--- Provided material Enclosed Below ---
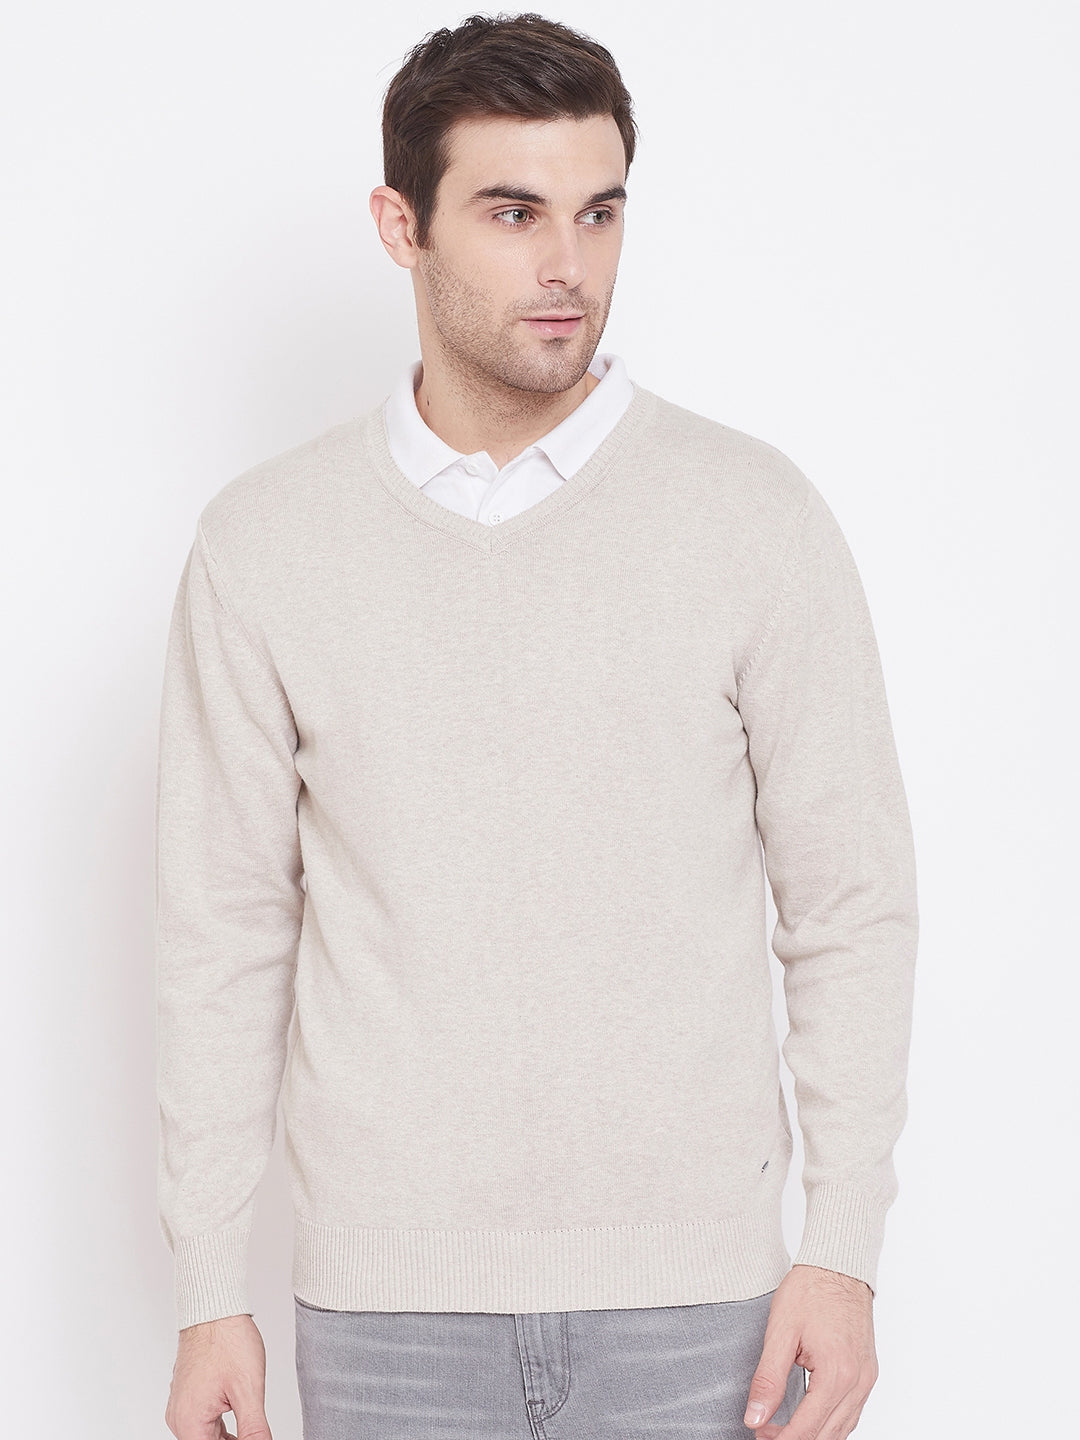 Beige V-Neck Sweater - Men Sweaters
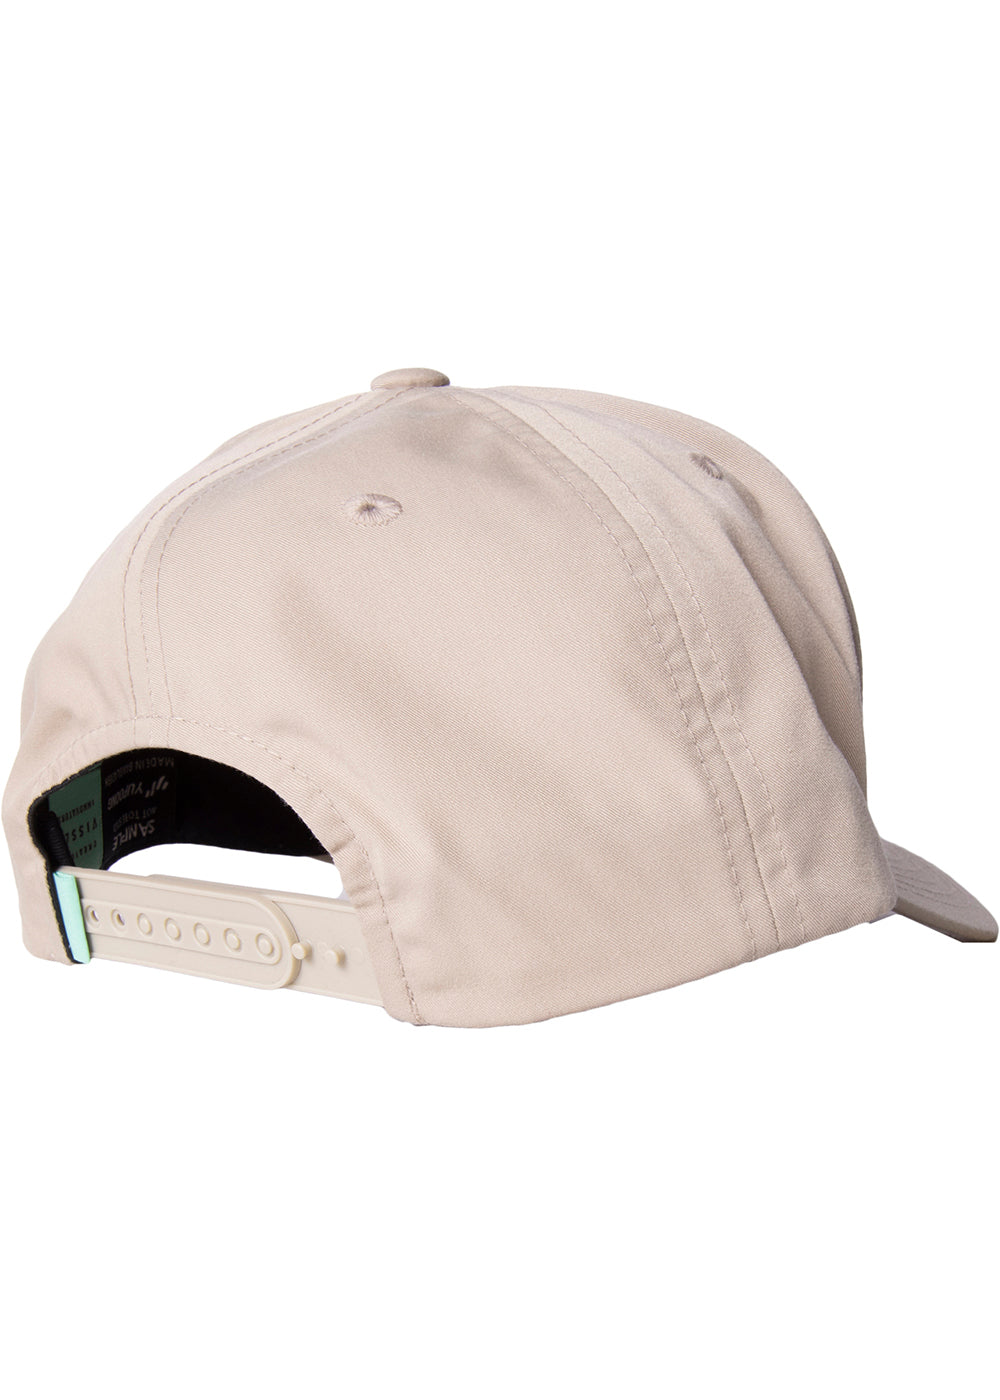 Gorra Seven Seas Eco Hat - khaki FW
--- End of Enclosed Provided material ---
--- Provided material Enclosed Below ---
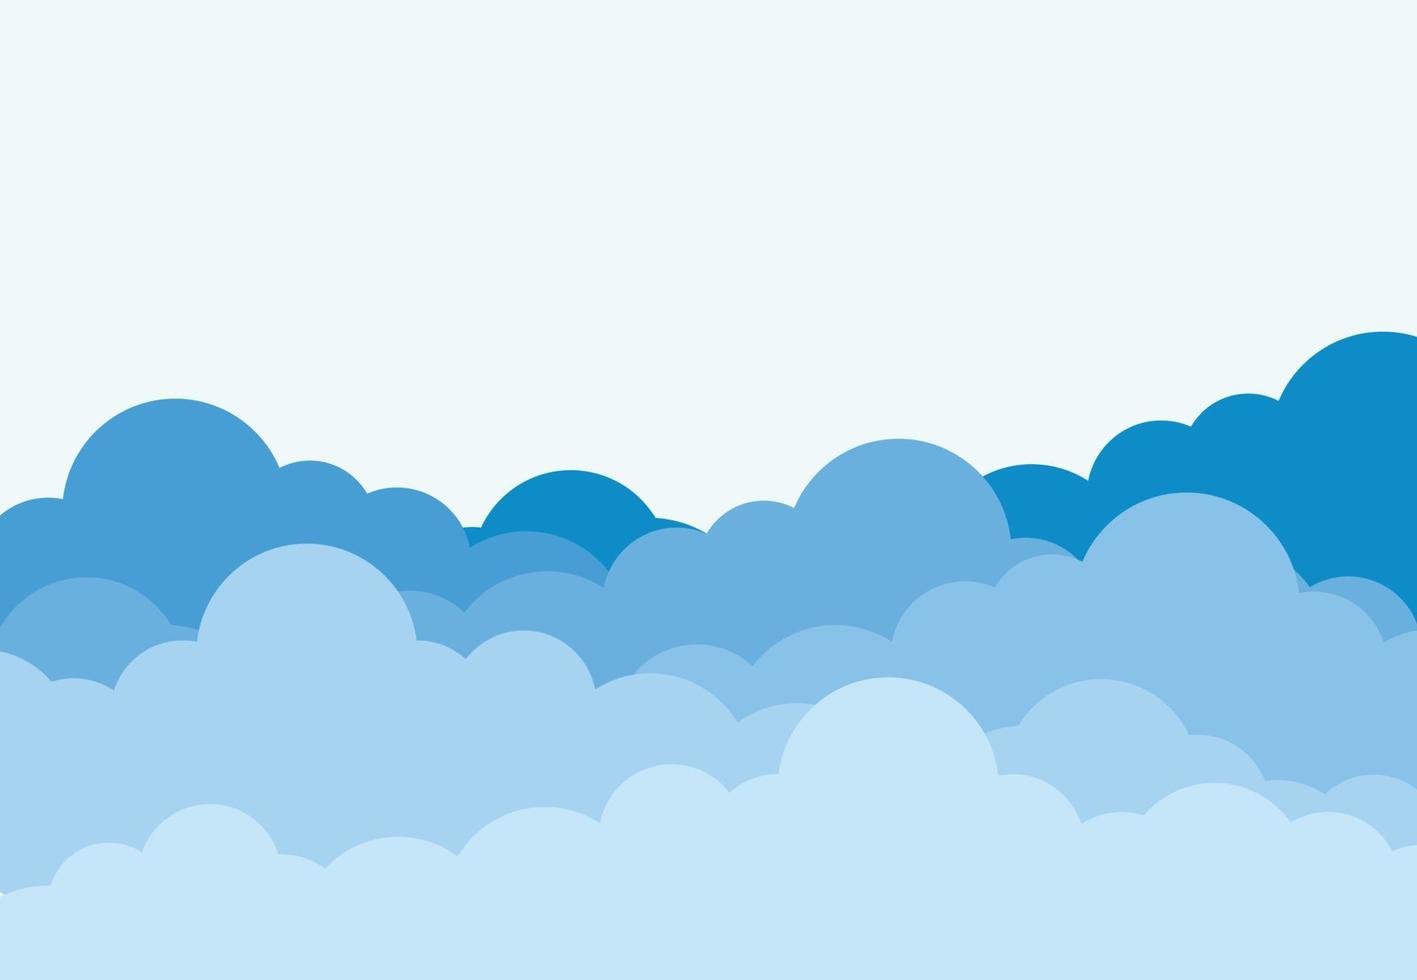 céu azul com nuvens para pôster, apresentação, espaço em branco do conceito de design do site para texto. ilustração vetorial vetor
--- End of Enclosed Provided material ---
**Task details**
Reproduce the data above exactly, but only the lines from the one showing "Beige V-Neck Sweater - Men Sweaters" through the one showing "Gorra Seven Seas Eco Hat - khaki FW", with both ends kept and the pictures left out.

**Exercise answer**
 Beige V-Neck Sweater - Men Sweaters
 Gorra Seven Seas Eco Hat - khaki FW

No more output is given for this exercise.